Scan the records and identify every line in which the string "Short" occurs, then return those lines.

(Excerpts from a dataset)
=====

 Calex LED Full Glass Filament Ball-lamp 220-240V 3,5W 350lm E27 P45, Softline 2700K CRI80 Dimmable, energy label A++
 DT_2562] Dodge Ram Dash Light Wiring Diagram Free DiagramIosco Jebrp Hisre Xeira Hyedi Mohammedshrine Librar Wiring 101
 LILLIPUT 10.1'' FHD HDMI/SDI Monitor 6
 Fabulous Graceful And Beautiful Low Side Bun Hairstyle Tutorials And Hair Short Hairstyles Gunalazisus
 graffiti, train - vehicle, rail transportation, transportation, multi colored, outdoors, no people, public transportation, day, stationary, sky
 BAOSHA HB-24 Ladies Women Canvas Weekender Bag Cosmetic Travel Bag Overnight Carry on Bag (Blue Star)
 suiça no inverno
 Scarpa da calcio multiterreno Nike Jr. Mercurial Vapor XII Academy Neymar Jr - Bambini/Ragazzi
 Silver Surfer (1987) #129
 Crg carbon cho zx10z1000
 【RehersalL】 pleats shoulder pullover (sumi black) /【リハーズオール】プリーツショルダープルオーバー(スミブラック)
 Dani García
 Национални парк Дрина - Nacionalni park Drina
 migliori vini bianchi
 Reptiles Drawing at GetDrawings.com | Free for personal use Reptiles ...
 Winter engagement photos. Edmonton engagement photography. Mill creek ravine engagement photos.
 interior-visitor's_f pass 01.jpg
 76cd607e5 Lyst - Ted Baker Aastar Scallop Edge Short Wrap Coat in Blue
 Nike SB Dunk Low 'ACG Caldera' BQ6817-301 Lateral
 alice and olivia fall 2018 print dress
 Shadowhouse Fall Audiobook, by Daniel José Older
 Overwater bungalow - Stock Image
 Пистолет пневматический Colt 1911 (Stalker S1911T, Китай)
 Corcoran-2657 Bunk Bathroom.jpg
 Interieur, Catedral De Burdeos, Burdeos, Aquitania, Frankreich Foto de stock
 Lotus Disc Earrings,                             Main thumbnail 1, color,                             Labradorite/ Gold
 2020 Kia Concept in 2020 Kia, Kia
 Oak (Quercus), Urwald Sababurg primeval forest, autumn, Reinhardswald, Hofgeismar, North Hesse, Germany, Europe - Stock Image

=====

Answer to this task
 Fabulous Graceful And Beautiful Low Side Bun Hairstyle Tutorials And Hair Short Hairstyles Gunalazisus
 76cd607e5 Lyst - Ted Baker Aastar Scallop Edge Short Wrap Coat in Blue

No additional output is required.